Thursday, April 16, 2009

The Indestructible Intersect Point

I’m writing this blog while watching the first game of the Montreal Canadiens’ playoff hopes. There was a time when I was growing up when they were virtually undefeatable. We can only hope now. Yes, I’m a fan. Is there a relationship? Probably not, but who knows? I'm also still snickering at the maintenance outage that the hosting site for this blog had on Thursday morning. Does anyone see the irony in that?

To continue where I was last week, improving availability is typically an exponential cost function, where each 9 of availability costs substantially more than all the previous 9’s combined. So at some point you get to diminishing returns where it costs you more than it’s worth.
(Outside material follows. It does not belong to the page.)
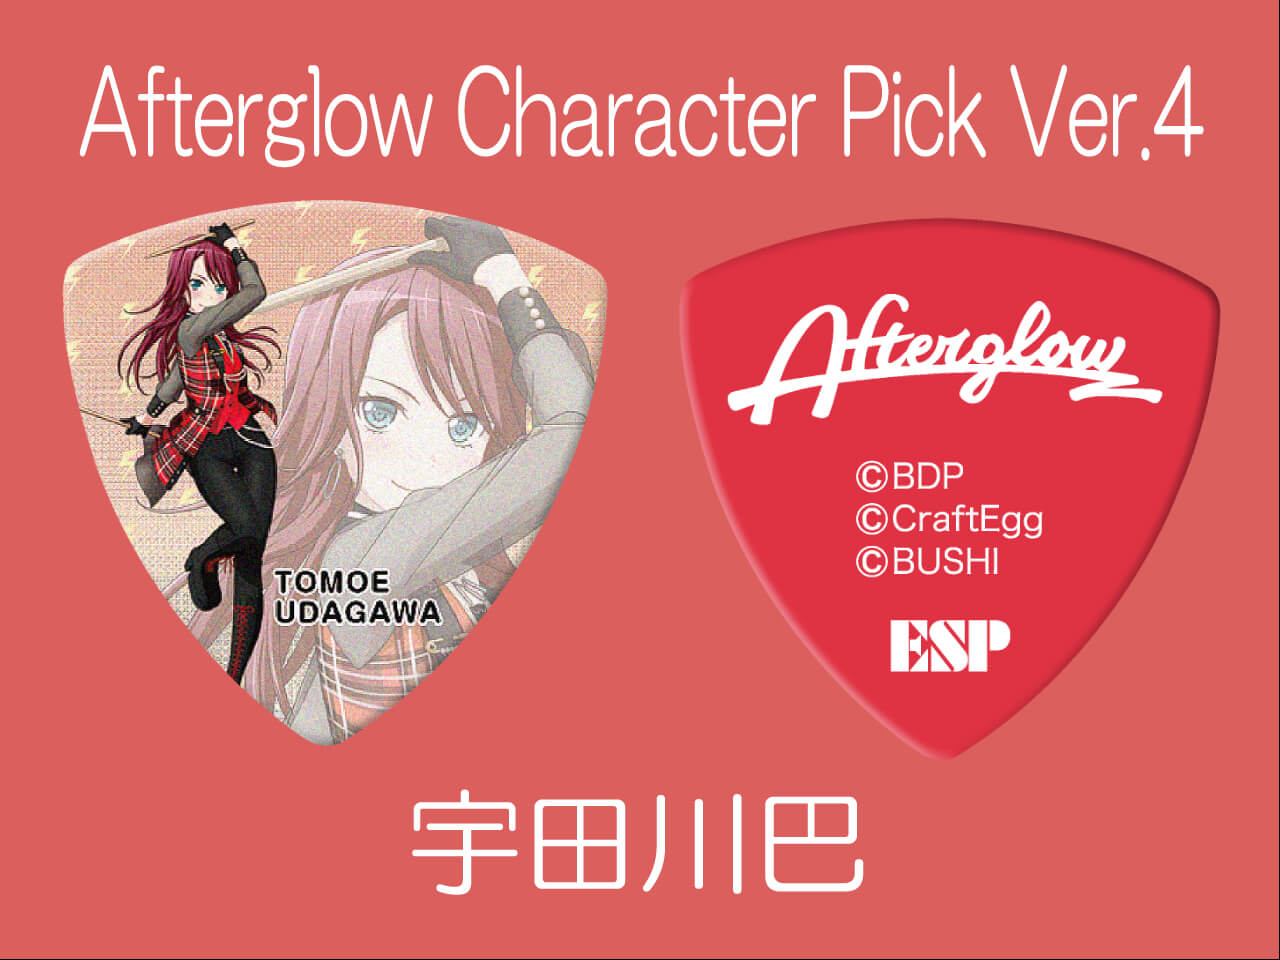 【ESP×BanG Dream!コラボピック】Afterglow Character Pick Ver.4 "宇田川巴"10枚セット（GBP TOMOE AFTERGLOW 4）

But what if you looked at the problem from the other direction, specifically assuming that the system will never go down, and work backwards? Wouldn’t that be unattainable and cost an infinite amount of money? If you come at it from the wrong way, starting from an unreliable system and trying to make it perfect, you’ll never get there – yes, that’s a debatable point, so go ahead and argue with me. So, start from the assumption that outages are unacceptable right from inception. There’s lots of stuff you’ll need and have to invest, but it’s actually a quantifiable cost that you can get to using traditional project budgeting techniques. Traffic routing, reliable platforms, sophisticated version control are all elements of it. Infrastructure is a huge part of the cost, as is cultural change in the operations and development groups – we’ll go there later – but is it worth it?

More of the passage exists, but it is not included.